Main

Data from an experiment may appear rock solid. Upon further examination, the data may morph into something much less firm. A knee-jerk reaction to this conundrum may be to try and hide uncertain scientific results, which are unloved fellow travelers of science. After all, words can afford ambiguity, but with visuals, “we are damned to be concrete,” says Bang Wong, who is the creative director of the Broad Institute of MIT and Harvard. The alternative is to face the ambiguity head-on through visual means.

Color or color gradients in heat maps, for example, often show degrees of data uncertainty and are, at their core, visual and statistical expressions. “Talking about uncertainty is talking about statistics,” says Martin Krzywinski, whose daily task is data visualization at the Genome Sciences Centre at the British Columbia Cancer Agency.

Statistically driven displays such as box plots can work for displaying uncertainty, but most visualizations use more ad hoc methods such as transparency or blur. Error bars are also an option, but it is difficult to convey information clearly with them, he says. “It's likely that if something as simple as error bars is misunderstood, anything more complex will be too,” Krzywinski says.

He developed the visualization tool Circos, which places data in a circular layout that shows inter-relationships such as those among genes. It is a high-level visualization tool that works well in genomics, says Todd Smith, a research and application scientist at PerkinElmer. But, says Krzywinski, “Circos doesn't have any specific ways to encode uncertainty.”

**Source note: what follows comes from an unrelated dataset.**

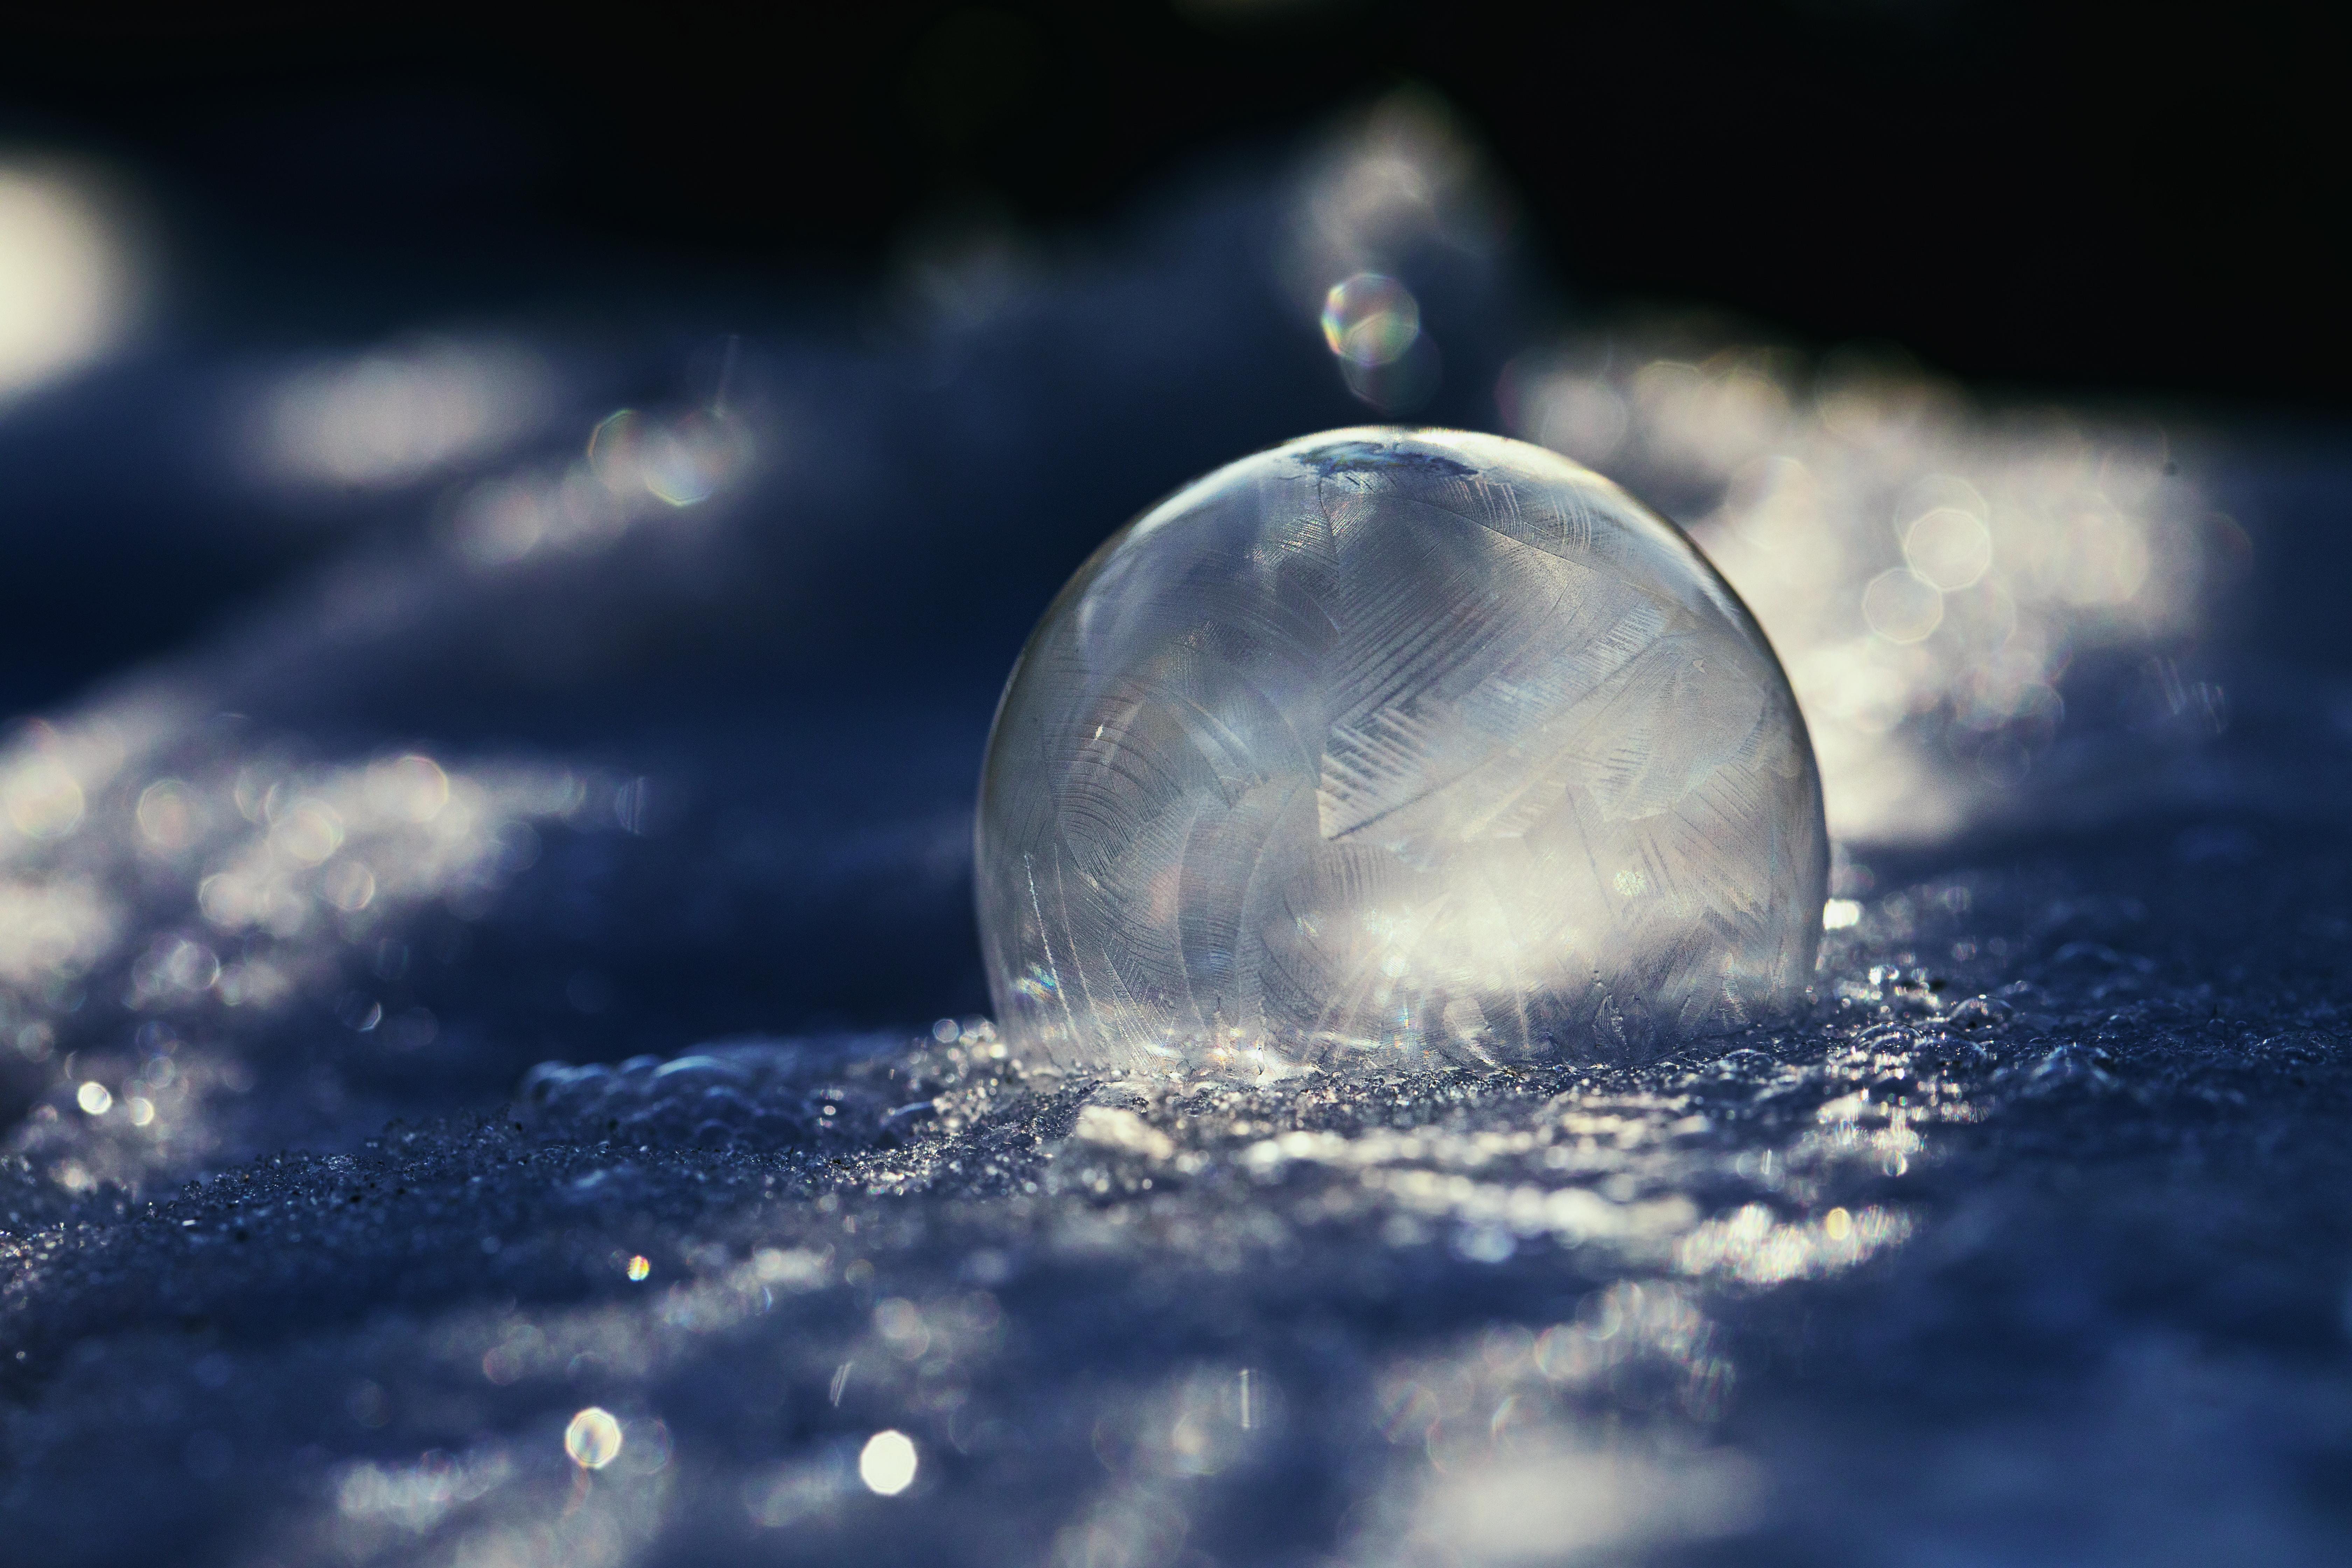 Seifenblasen fotografieren - gefroren im Winter - Eis - Kälte

Statistical uncertainty weighs heavily on visualization. Every data point has uncertainty associated with it, Krzywinski says. Adding those statistical data to visualizations can quickly overload them. Despite the potential pitfalls of including uncertainty, the visual cues can remind scientists of their data's ambiguity.

Adding visual features to gene expression heat maps allows visualization of different types of uncertainty in the heat map's individual rows. Credit: H. Schumann, Univ. Rostock

Some researchers are working on visualization approaches to tame this ambiguity. “In terms of visualizing ambiguous, uncertain or contentious results, perhaps my favorite method is showing results from multiple experts side by side,” says Jim Kent from the University of California at Santa Cruz (UCSC) who co-developed the UCSC Genome Browser, a visualization tool with which scientists navigate genomic information such as reference genomes and assemblies in progress. Another approach, he says, involves layering, in which less-certain findings are displayed behind more-certain data and drawn in lighter shades.

Alternatively, heat maps can give an overview of data quality—for example, DNA alignment quality—and might use a color gradient, says Smith, who cofounded a bioinformatics firm called Geospiza that PerkinElmer acquired in 2011. “You make things dark if they are lower quality and bright if they are higher quality,” he says. Likewise, the quality of DNA base assignments from sequencing experiments is sometimes indicated with grayscale or color shading. “The darker the base, the more uncertain it is,” Smith says.

Flavors of uncertainty

Uncertainty comes in many flavors. It can arise upon data capture, during analysis or during visualization. It may be due to missing, noisy or imprecise data or to filters that could skew calculations, or there may be too few data to begin with, says Heidrun Schumann, a computer scientist at the University of Rostock who studies uncertainty visualization in many research areas, including the life sciences1.

Some visualization approaches try to bring in a global representation of uncertainty for experimental data. Each presentation format calls for its own representation of uncertainty, Schumann says. For example, scientists may choose to express uncertainty by building it into the way data is visualized, such as by using transparency: “The more see-through the data, the more uncertain they are,” she says.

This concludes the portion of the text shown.